On the surface, Marc Blitzstein’s The Cradle Will Rock might appear to be an opera about unions and unionism. But, as the composer himself pointed out, the work squarely addresses trials faced by the middleclass and raises questions regarding economic power, class structure, hypocrisy, accountability, and social agency that remain urgent today. Many previous performances of this opera have used minimal sets and props to reflect the legendary circumstances of the renegade premiere at the Venice Theatre in 1937. Our team recognizes the need for a full-scale production that presents The Cradle Will Rock as modern music-theatre, not as a footnote in the history of 20th century theatre or dated agitprop. We propose a staging using modern, functional, and unpretentious tools to emphatically and forcefully cut through artifice and tradition in order to ask big questions: Who do the people work for?
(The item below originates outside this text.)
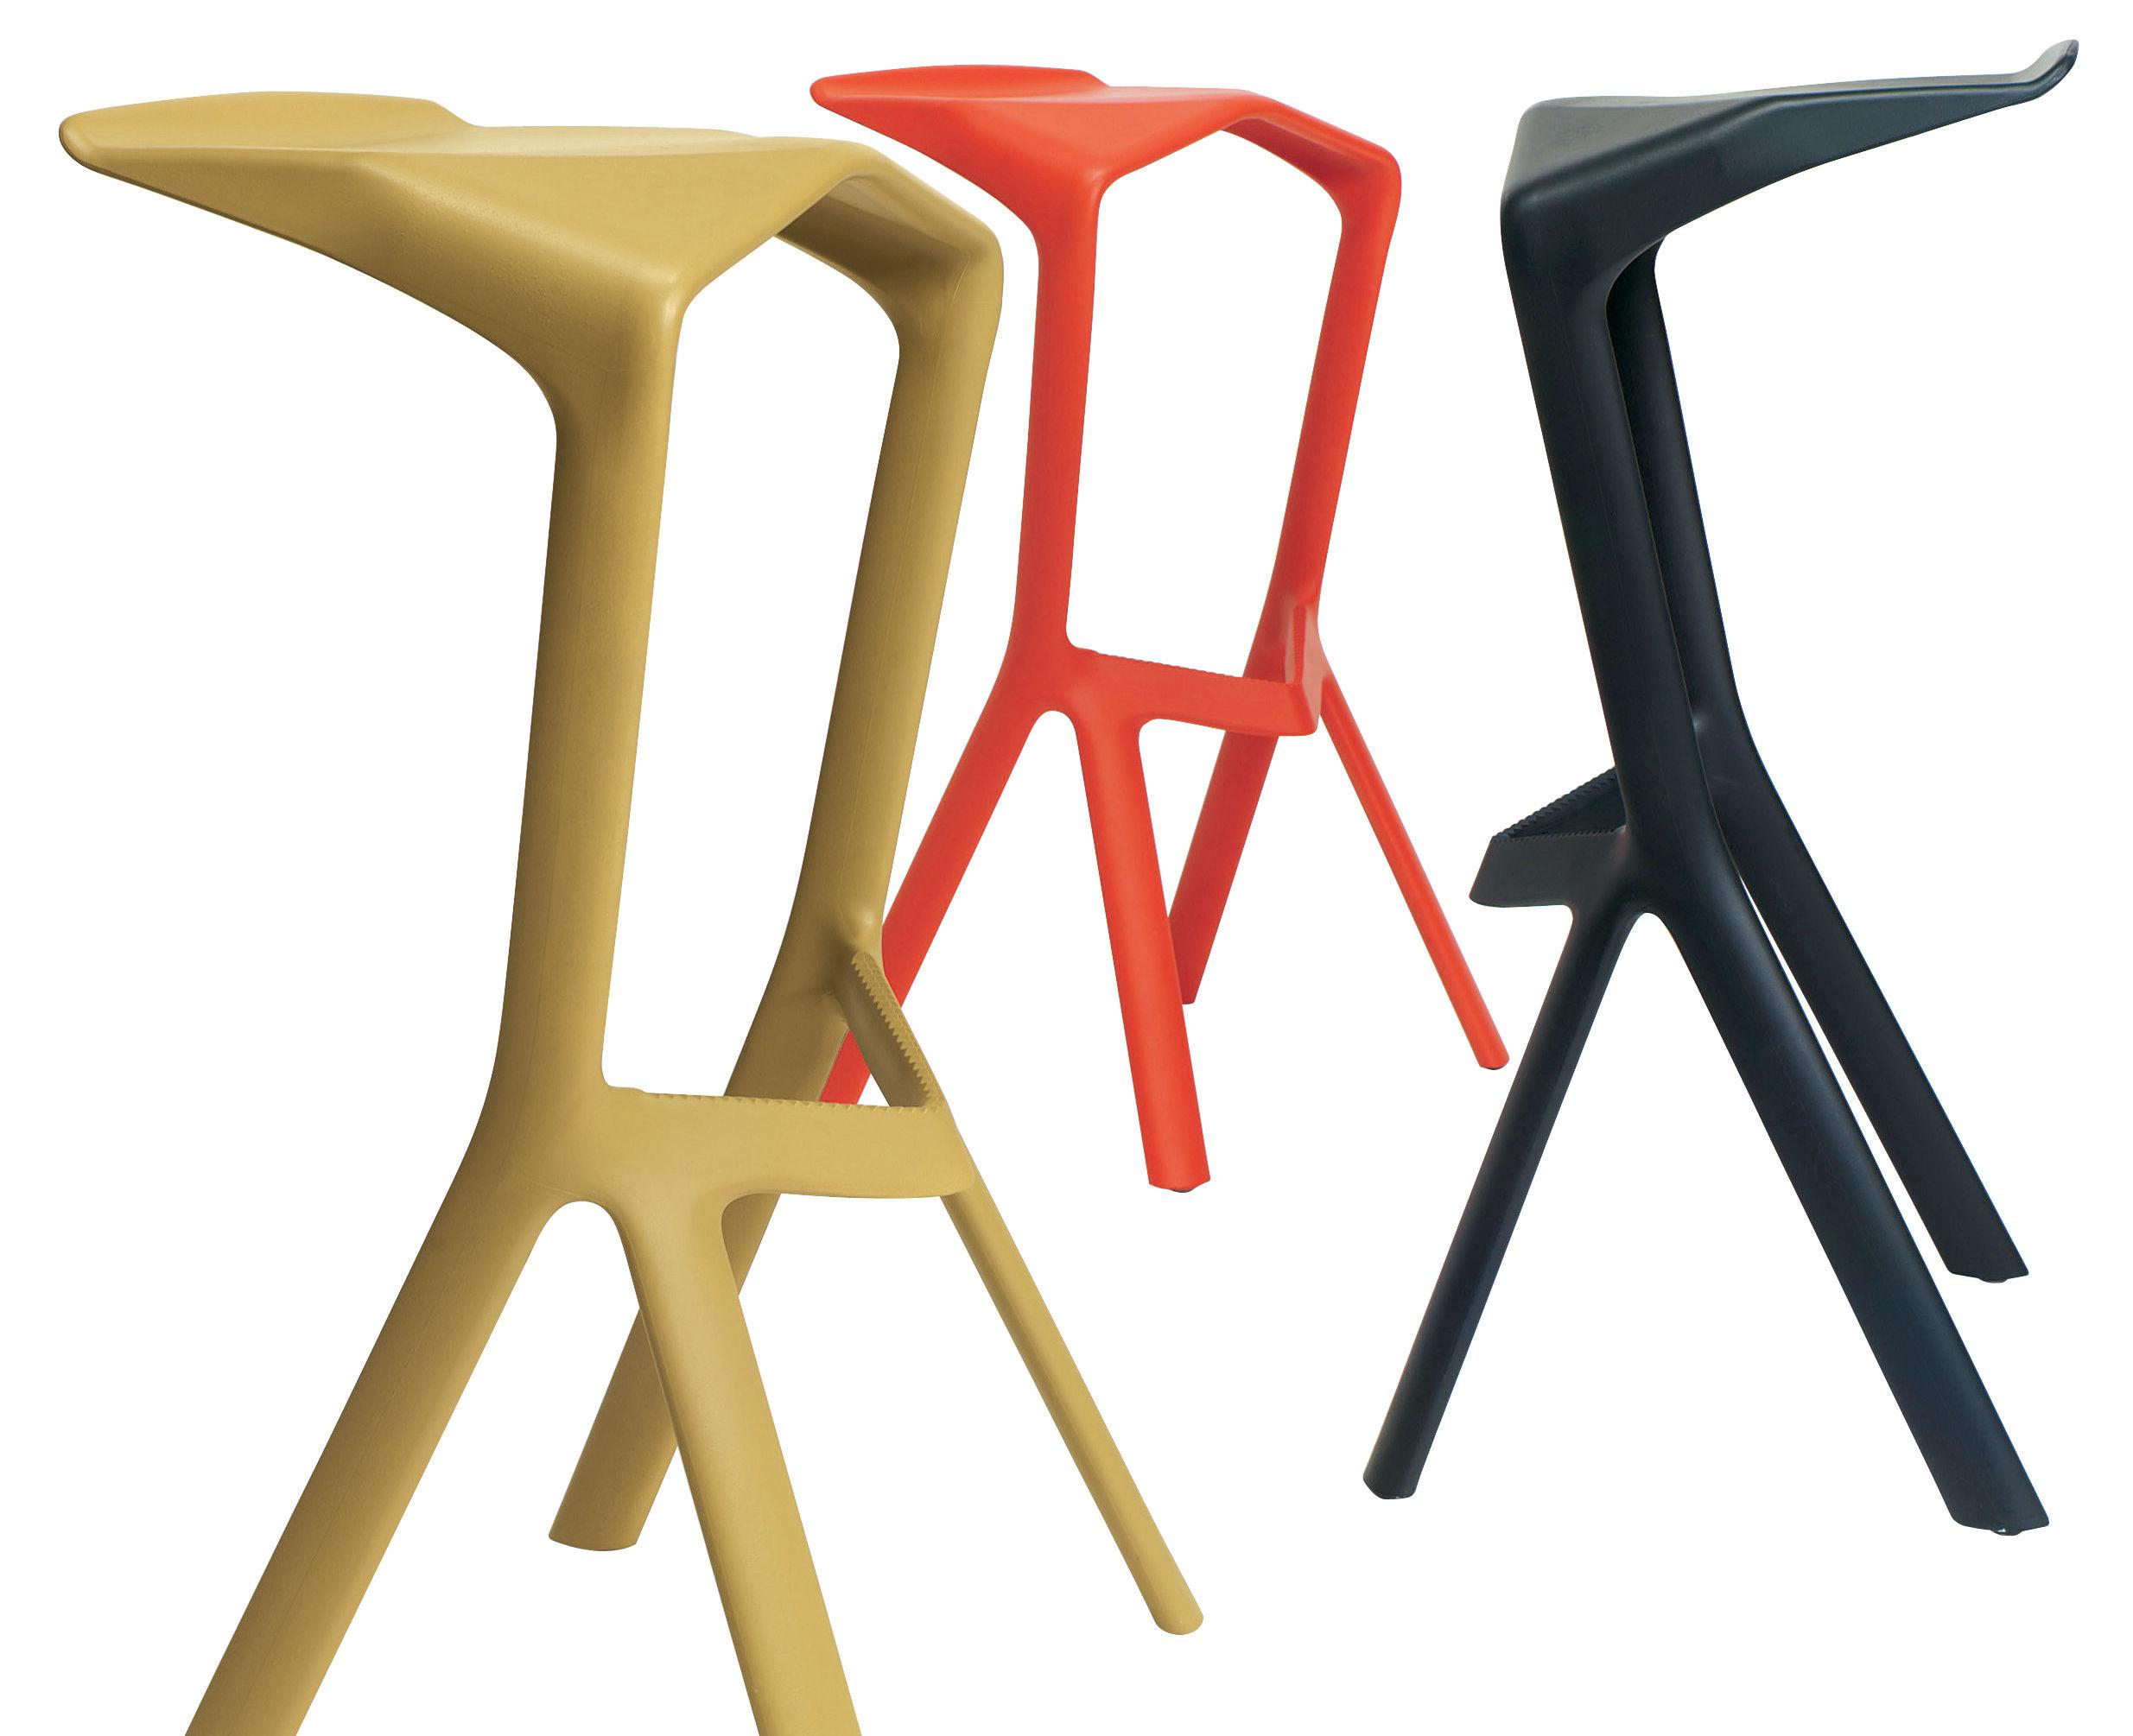 tabouret de bar miura h 78 cm plastique orange plank made in design. Black Bedroom Furniture Sets. Home Design Ideas
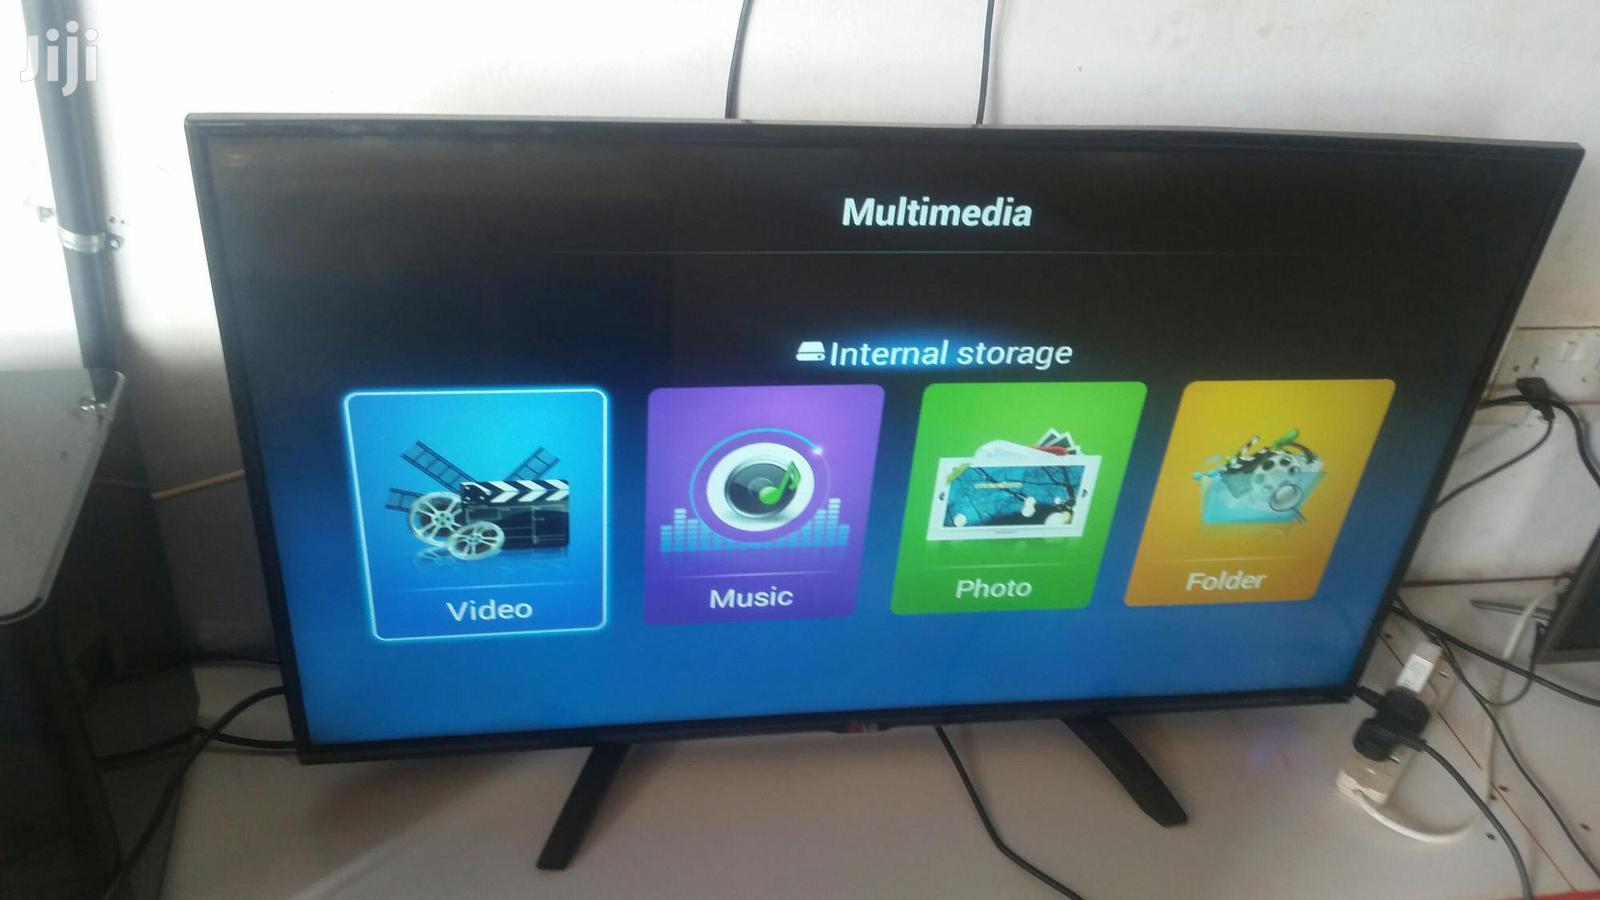 LG Led Flat Screen Tv 43 Inches

Does the engine of labor serve the many, or just the one? Is the selling of one’s efforts ever honorable or respectable?

Our proposal for The Cradle Will Rock is designed specifically to emphasize the prescience of Blitzstein’s 1937 version - we imagine it performed uncut, with his original orchestrations, and without an intermission. We share Blitzstein’s sentiment, expressed in his program notes when the opera was presented at the New York City Opera in 1960: “Let it take its chances... let it prove whether it remains an engrossing and entertaining musical stage piece.” Our team is convinced that a modern production of this opera can be built upon the scaffolding of the original text and music. By stripping away the period facade of its premiere, we hope to reveal the relevance of the work as it stands today.